This project aims to be able to answers questions on US immigration such as what are the most popular cities for immigration, what is the gender distribution of the immigrants, what is the visa type distribution of the immigrants, what is the average age per immigrant and what is the average temperature per month per city. We extract data from 3 different sources, the I94 immigration dataset of 2016, city temperature data from Kaggle and US city demographic data from OpenSoft. We design 4 dimension tables: Cities, immigrants, monthly average city temperature and time, and 1 fact table: Immigration. We use Spark for ETL jobs and store the results in parquet for downstream analysis.
- I94 Immigration Data: comes from the U.S. National Tourism and Trade Office and contains various statistics on international visitor arrival in USA and comes from the US National Tourism and Trade Office.
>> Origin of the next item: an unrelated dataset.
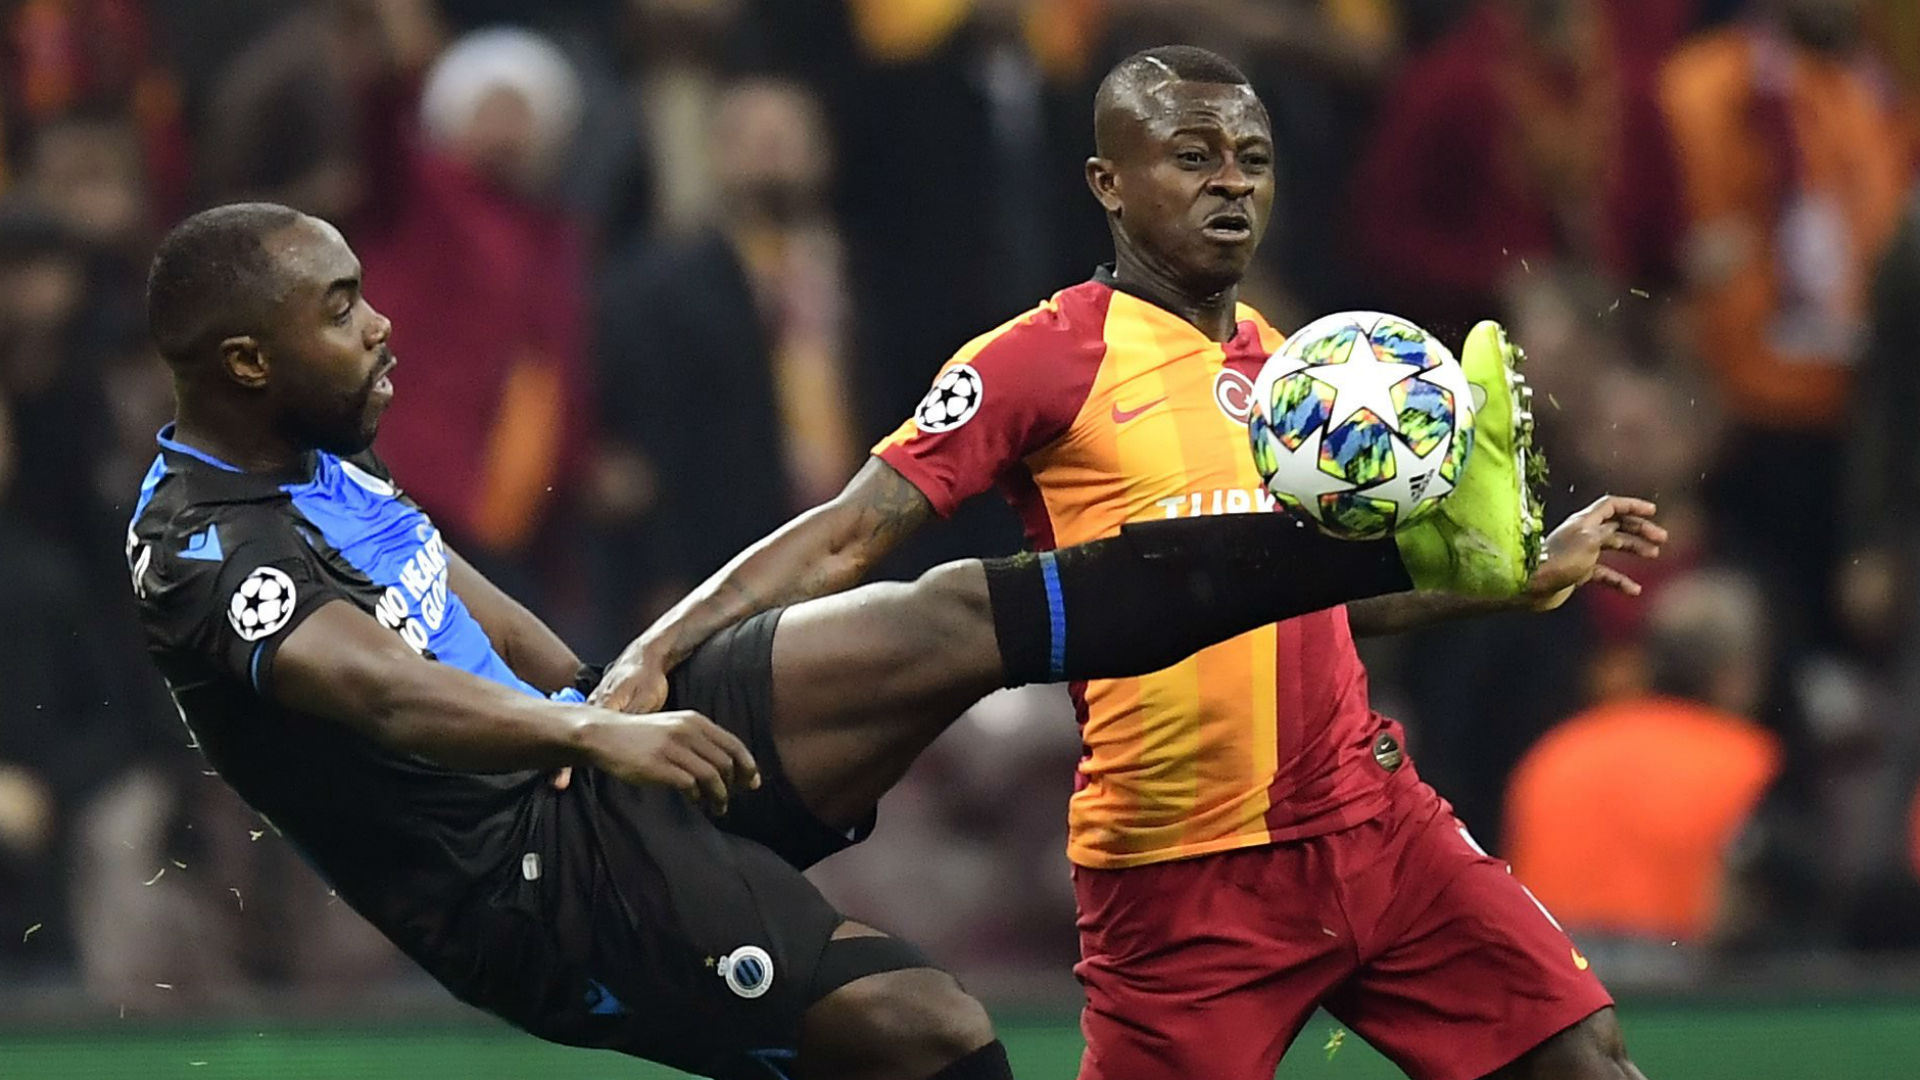 Galatasaray vs. Club Brugge - Football Match Report

The dataset contains data from 2016. link
- World Temperature Data: comes from Kaggle and contains average weather temperatures by city. link
- U.S. City Demographic Data: comes from OpenSoft and contains information about the demographics of all US cities such as average age, male and female population. link
staging_i94_df
id
date
city_code
state_code
age
gender
visa_type
count
staging_temp_df
year
month
city_code
city_name
avg_temperature
lat
long
staging_demo_df
city_code
state_code
city_name
median_age
pct_male_pop
pct_female_pop
pct_veterans
pct_foreign_born
pct_native_american
pct_asian
pct_black
pct_hispanic_or_latino
pct_white
total_pop
immigrant_df
id
gender
age
visa_type
city_df
city_code
state_code
city_name
median_age
pct_male_pop
pct_female_pop
pct_veterans
pct_foreign_born
pct_native_american
pct_asian
pct_black
pct_hispanic_or_latino
pct_white
total_pop
lat
long
monthly_city_temp_df
city_code
year
month
avg_temperature
time_df
date
dayofweek
weekofyear
month
immigration_df
id
state_code
city_code
date
count
- Clean the data on nulls, data types, duplicates, etc
- Load staging tables for staging_i94_df, staging_temp_df and staging_demo_df
- Create dimension tables for immigrant_df, city_df, monthly_city_temp_df and time_df
- Create fact table immigration_df with information on immigration count, mapping id in immigrant_df, city_code in city_df and monthly_city_temp_df and date in time_df ensuring referential integrity
- Save processed dimension and fact tables in parquet for downstream query
Spark is chosen for this project as it is known for processing large amount of data fast (with in-memory compute), scale easily with additional worker nodes, with ability to digest different data formats (e.g. SAS, Parquet, CSV), and integrate nicely with cloud storage like S3 and warehouse like Redshift.
The data update cycle is typically chosen on two criteria. One is the reporting cycle, the other is the availabilty of new data to be fed into the system. For example, if new batch of average temperature can be made available at monthly interval, we might settle for monthly data refreshing cycle.
There are also considerations in terms of scaling existing solution.
-
If the data was increased by 100x: We can consider spinning up larger instances of EC2s hosting Spark and/or additional Spark work nodes. With added capacity arising from either vertical scaling or horizontal scaling, we should be able to accelerate processing time.
-
If the data populates a dashboard that must be updated on a daily basis by 7am every day: We can consider using Airflow to schedule and automate the data pipeline jobs. Built-in retry and monitoring mechanism can enable us to meet user requirement.
-
If the database needed to be accessed by 100+ people: We can consider hosting our solution in production scale data warehouse in the cloud, with larger capacity to serve more users, and workload management to ensure equitable usage of resources across users.